Minuscule 569 is a Greek minuscule illuminated manuscript Gospel book, written on parchment. It is designated by the siglum 569. in the Gregory-Aland numbering of New Testament manuscripts, and as A^{151} in the von Soden numbering of New Testament manuscripts. It is dated by a Colophon to the year 1061. It was labelled by Biblical scholar Frederick H. A. Scrivener as 475. The manuscript has complex contents.

== Description ==

The manuscript is a codex (precursor to the modern book format), containing the complete text of the four Gospels written on 358 parchment leaves (sized ). The writing is in one column per page, 14 lines per page for the main text, and 51 lines for the surrounding commentary. It includes breathing marks, sign of the interrogative, with frequent abbreviations; iota adscript occurs several times (e.g. τῶι for τῷ), it has some iotacistic errors; and avoid hiatus (e.g. ἐγέννησε τὸν).

Some initial letters are in gold ink or another colour. It contains ornamented canon tables; a table of contents (known as κεφαλαια / kephalaia) are placed before each Gospel; the chapter numerals (also known as κεφαλαια) are written in the margin, with their titles (known as τιτλοι / titloi) written at the top of the pages. Also included are a "hypothesis" (explanatory of using of the Eusebian Canons), the number of lines (known as στιχοι / stichoi), Prolegomena (introductions), lectionary markings, a Synaxarion and Menologion, four Evangelist portraits, and decorative head-pieces (in four colours). The biblical text is surrounded by a patristic commentary (known as a catena); in the Gospel of Mark it is a commentary by Victorinus of Pettau. There is additional material from Epiphanius of Salamis.

== Text ==

The Greek text of the codex is considered to be a representative of the Byzantine text-type, with some non-majority readings. Biblical scholar Kurt Aland did not place it in any Category of his New Testament manuscript classification system.
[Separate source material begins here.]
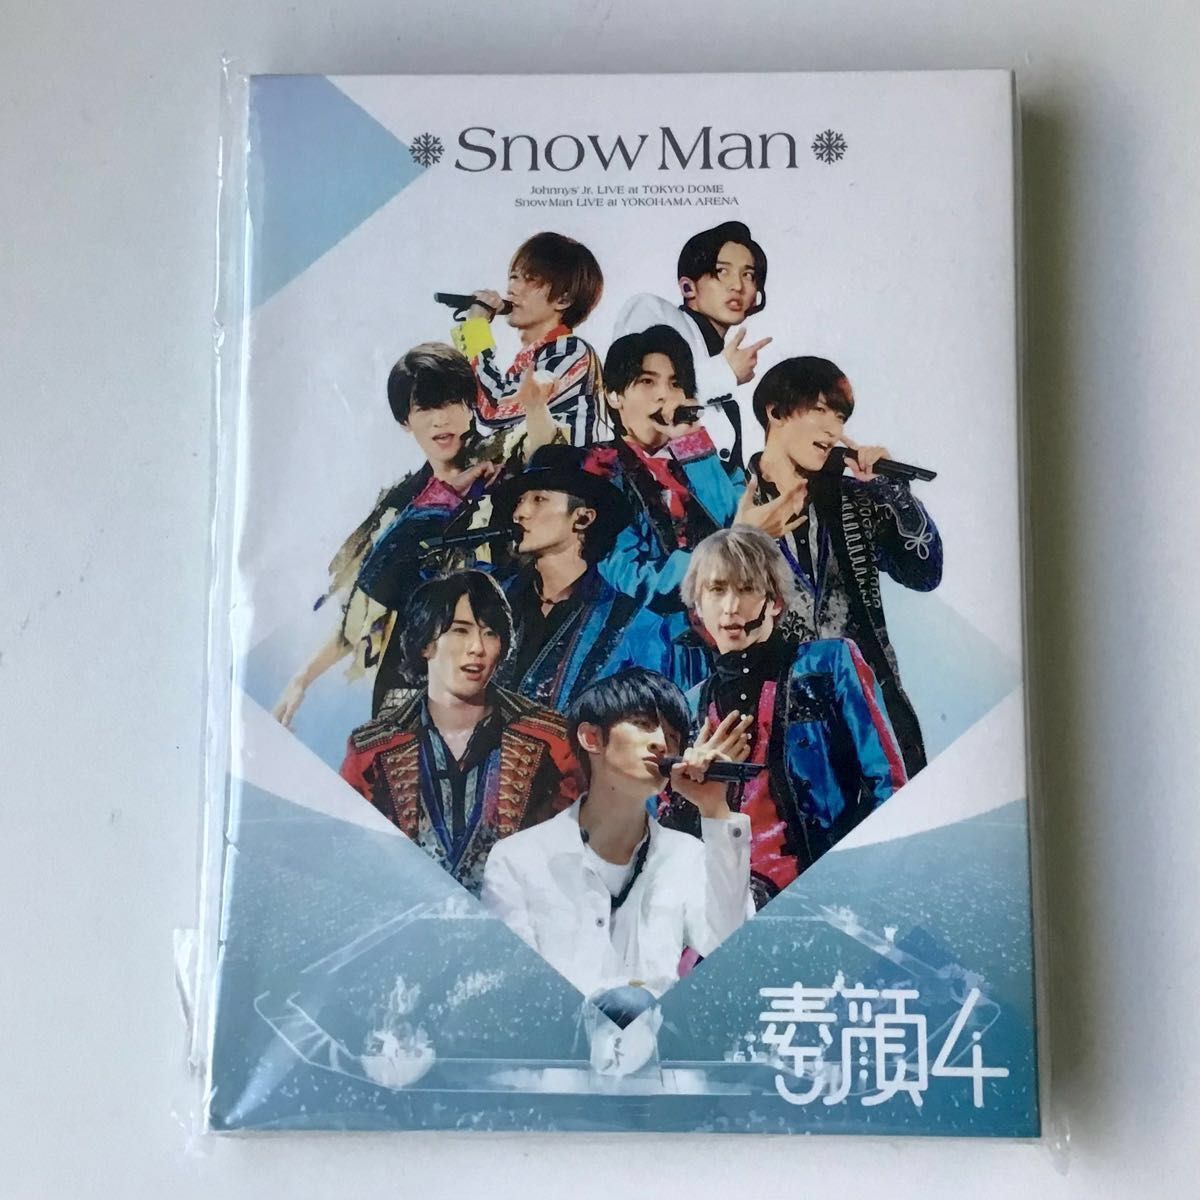 素顔4 SnowMan盤 DVD 3枚組 ポストカード付き 限定盤 正規品｜Yahoo
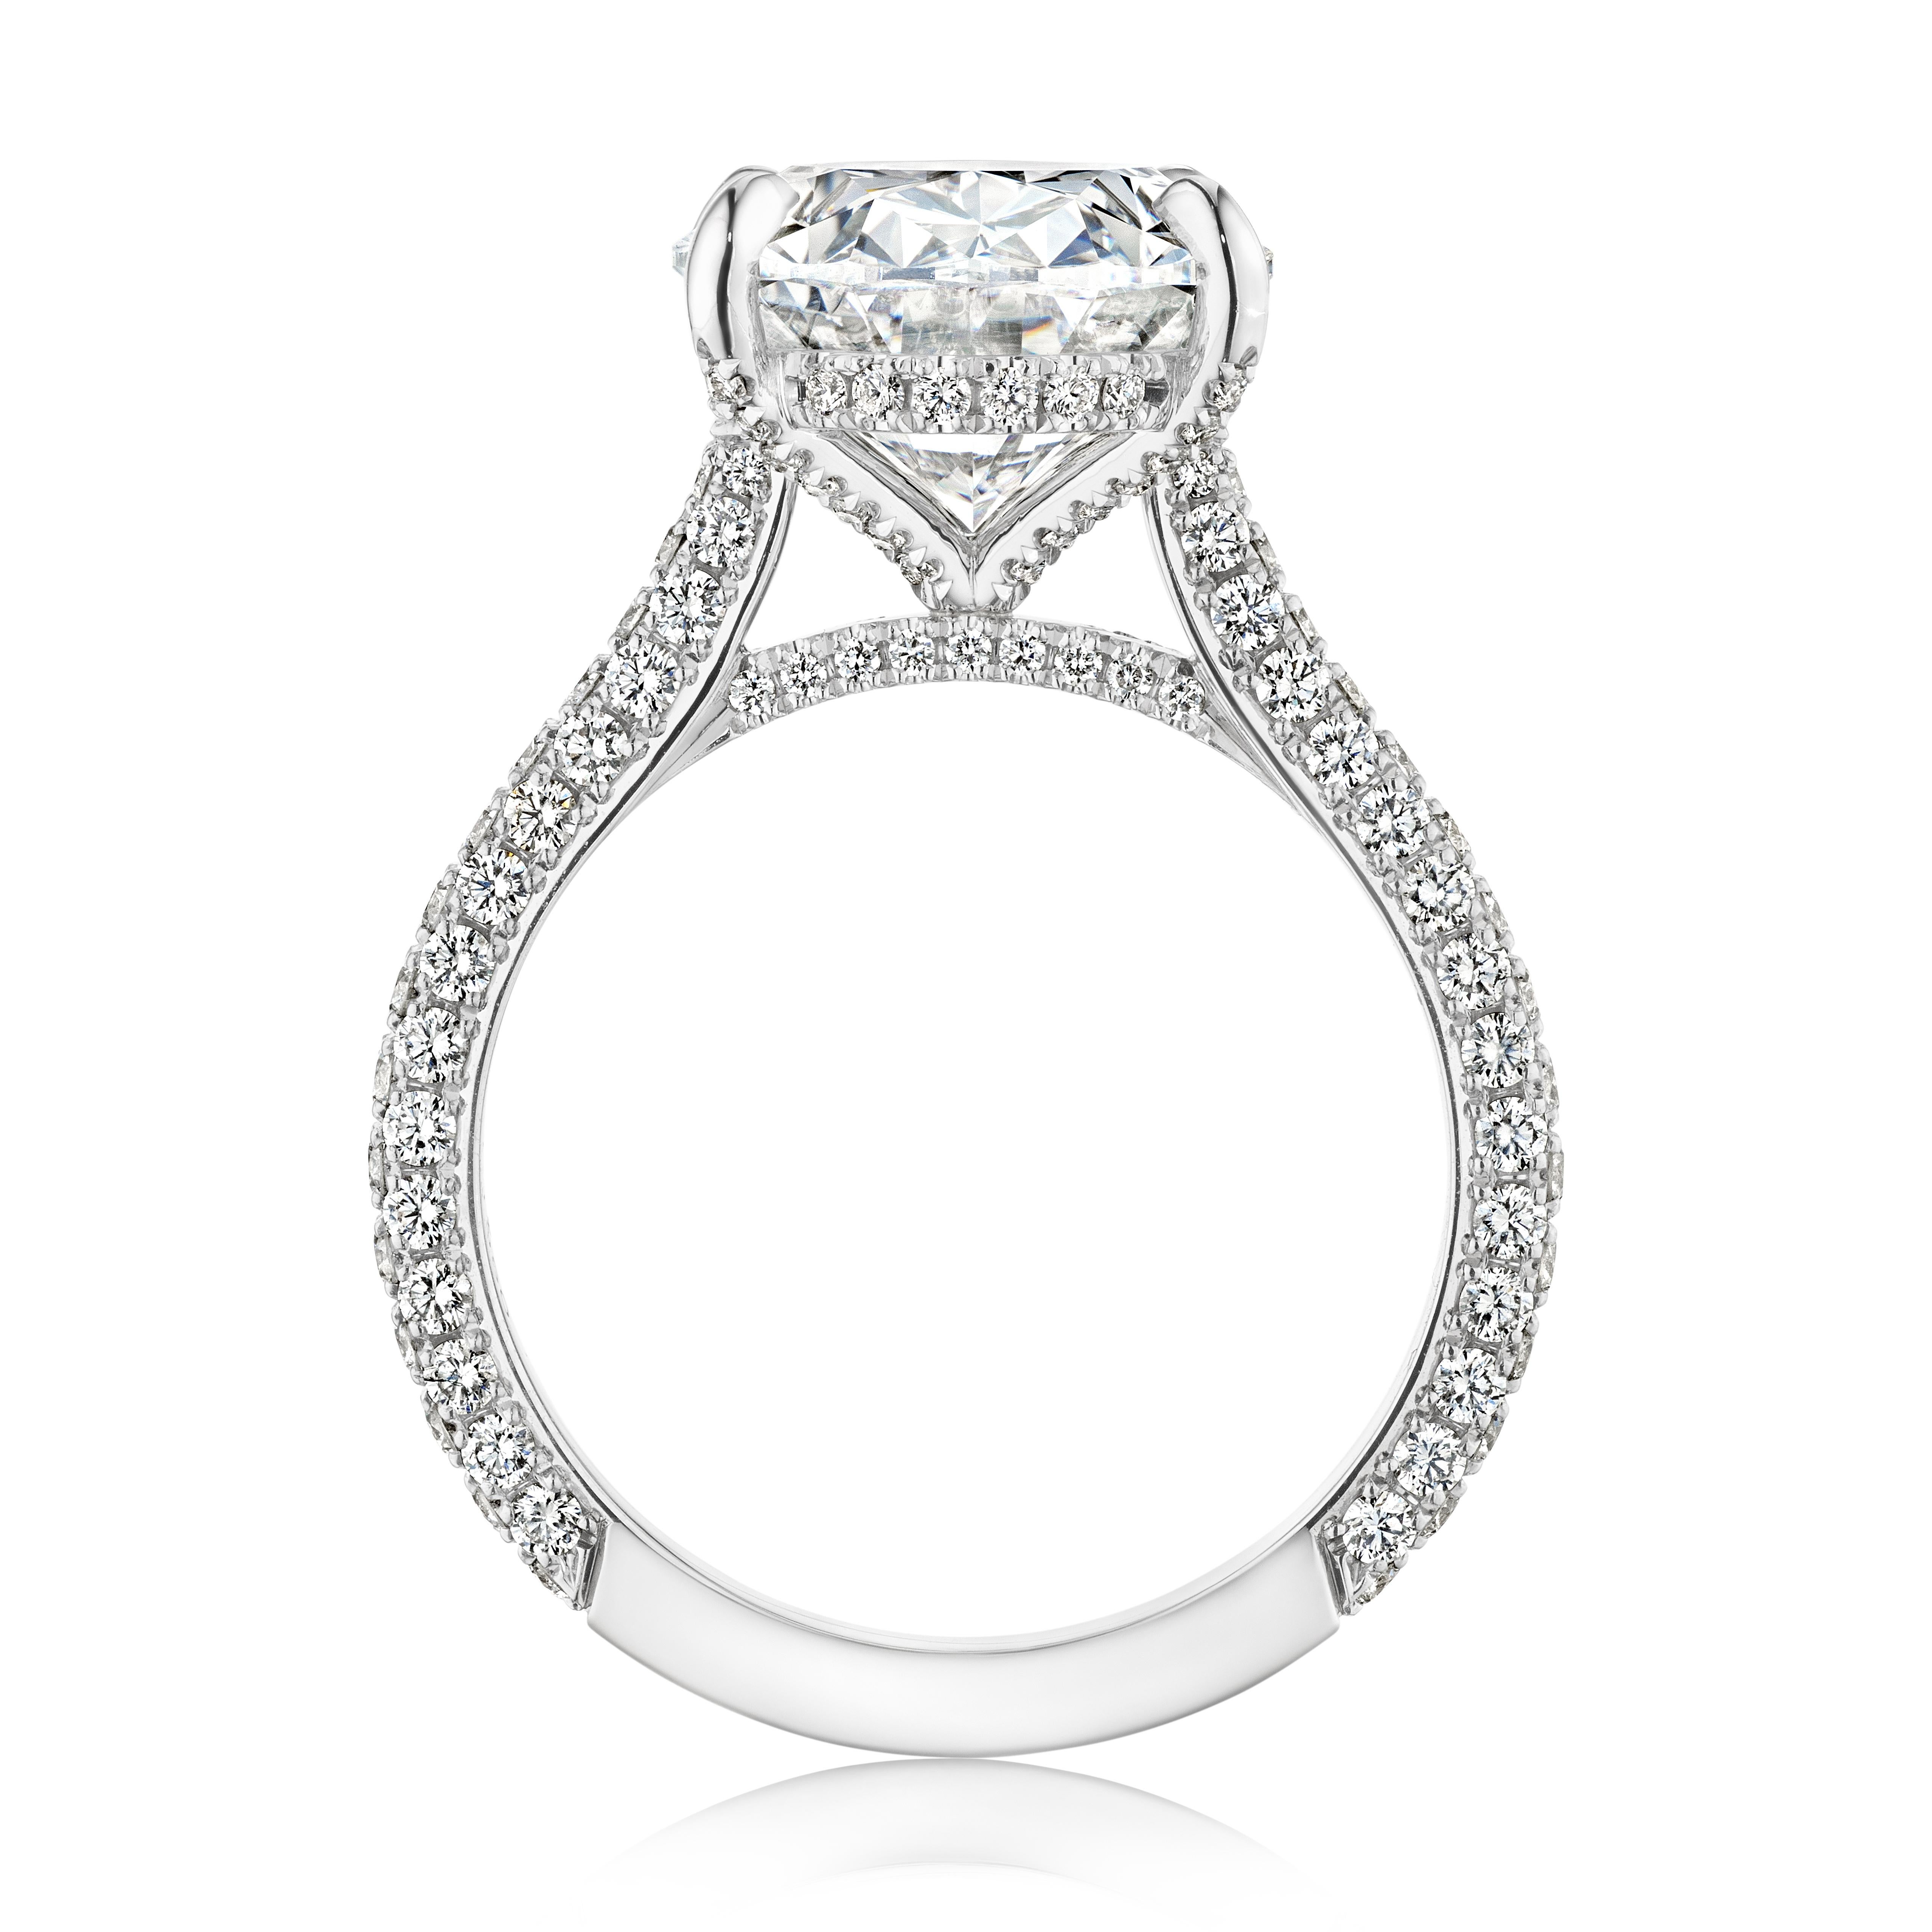 6 carat oval diamond ring

According to the Claremont Profile Method (a specific analysis of textual data), it represents the textual M27 group in Luke 1, Luke 10, and Luke 20. Other manuscripts in this textual group are the minuscules 71, 692, and 750, with Minuscule 1170 being the closest to minuscule 569.

== History ==
The manuscript was completed on 1 November 1061, by an unknown scribe. On the front side of folio 5, a scribe named Eugenius notes that in 1757 the manuscript was bought from Sophronius, a monk, in exchange for a promise to erect a chapel in honour of Saint Spyridon in the monastery of Saint Paul in Bulgaria.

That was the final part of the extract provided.